= Josh Cooper (cryptographer) =

English cryptographer (1901–1981)

Joshua Edward Synge ('Josh') Cooper CB, CMG (3 April 1901 in Fulham, London – 24 June 1981 in Buckinghamshire) was an English cryptographer.

Josh was the eldest son of Richard Edward Synge Cooper and his wife Mary Eleanor Burke who were married in Dublin exactly a year before his birth.

He was educated at Shrewsbury School, Brasenose College, Oxford, and King's College London.

He joined the Government Code and Cypher School as a Junior Assistant in October 1925 to specialise in Russian codes and ciphers. He was down from King's College London with a First in Russian and was teaching at a preparatory school in Margate. Then a sister of the novelist Charles Morgan said that Russian linguists were needed "at a place in Queen’s Gate". He was assigned to Ernst Fetterlein to work on Soviet diplomatic ciphers, with an Army officer, Capt. A.C. Stuart Smith. The first message he read was from Moscow to the Soviet representative in Washington, about the repudiation of debts by American states. In late 1929 to 1930 he was in the Naval Section attacking Russian Naval Codes, and was sent to Sarafand for a fifteen-month investigation of Black Sea Fleet communications. In 1936 he was made Head of the new Air Section at GC&CS.

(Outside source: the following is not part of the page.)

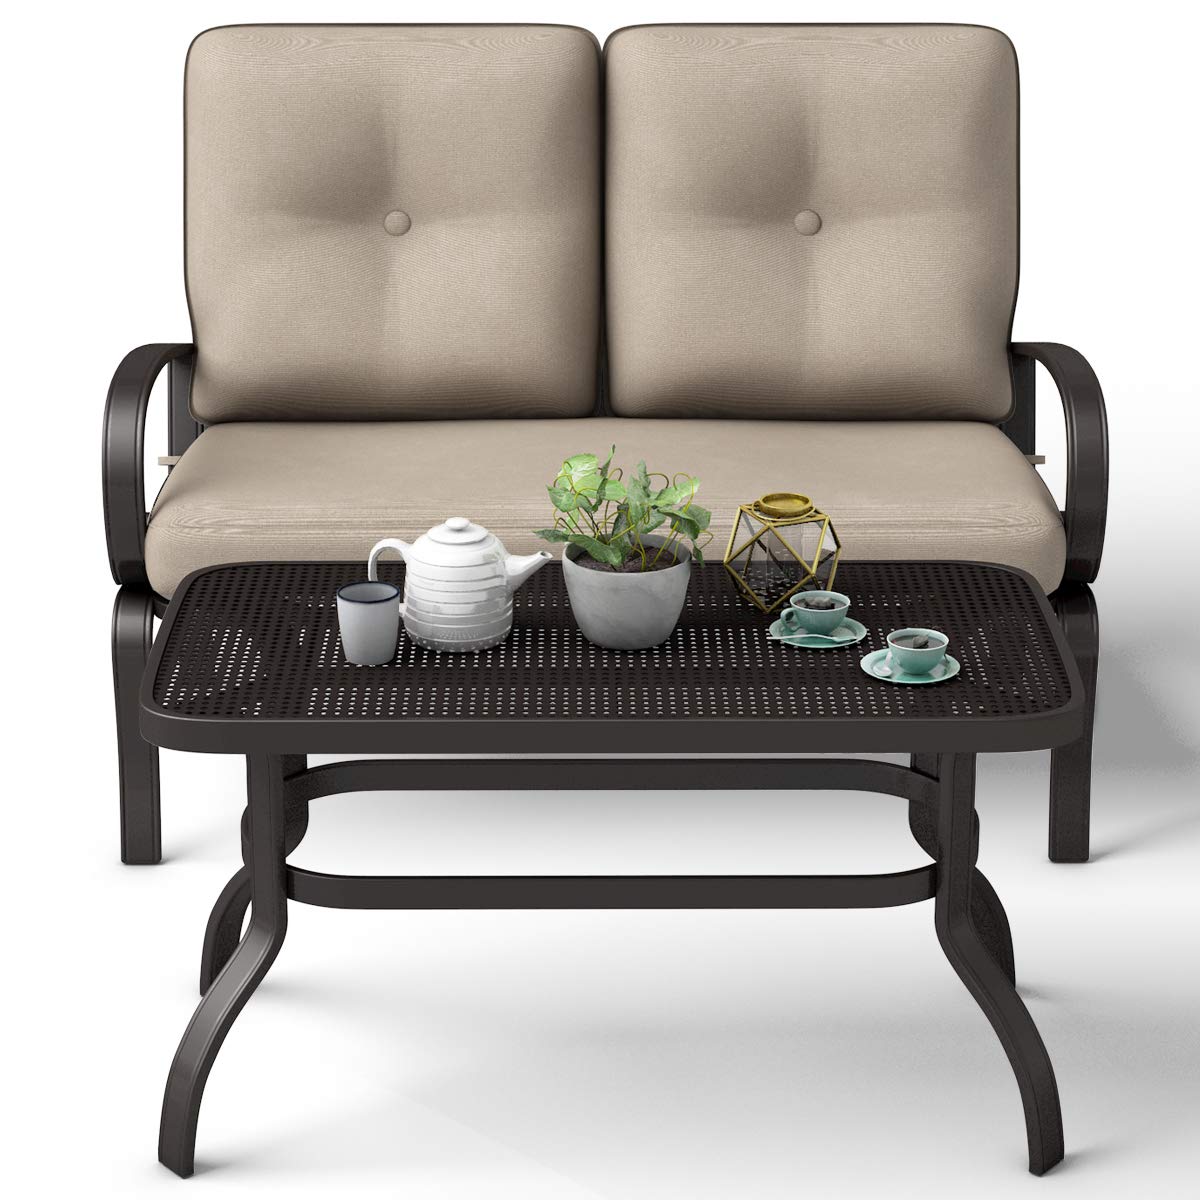 2 Pcs Patio Loveseat with Coffee Table Outdoor Bench with Cushion and Metal Frame(Beige & Black)

At Bletchley Park in World War II he was head of the Air Section. He was awarded a C.M.G. in 1943 and a C.B. in 1958. Postwar Joshua wrote what some considered the best Russian grammar ever published.

His brother Arthur (born 1916) was also a linguist (Chinese and Japanese) at the FECB then FRUMEL; a bit eccentric but said to be a model of sanity compared with Joshua. Postwar Arthur translated Li Po and Tu Fu, a book of Chinese lyric poems, for the Penguin Classics series.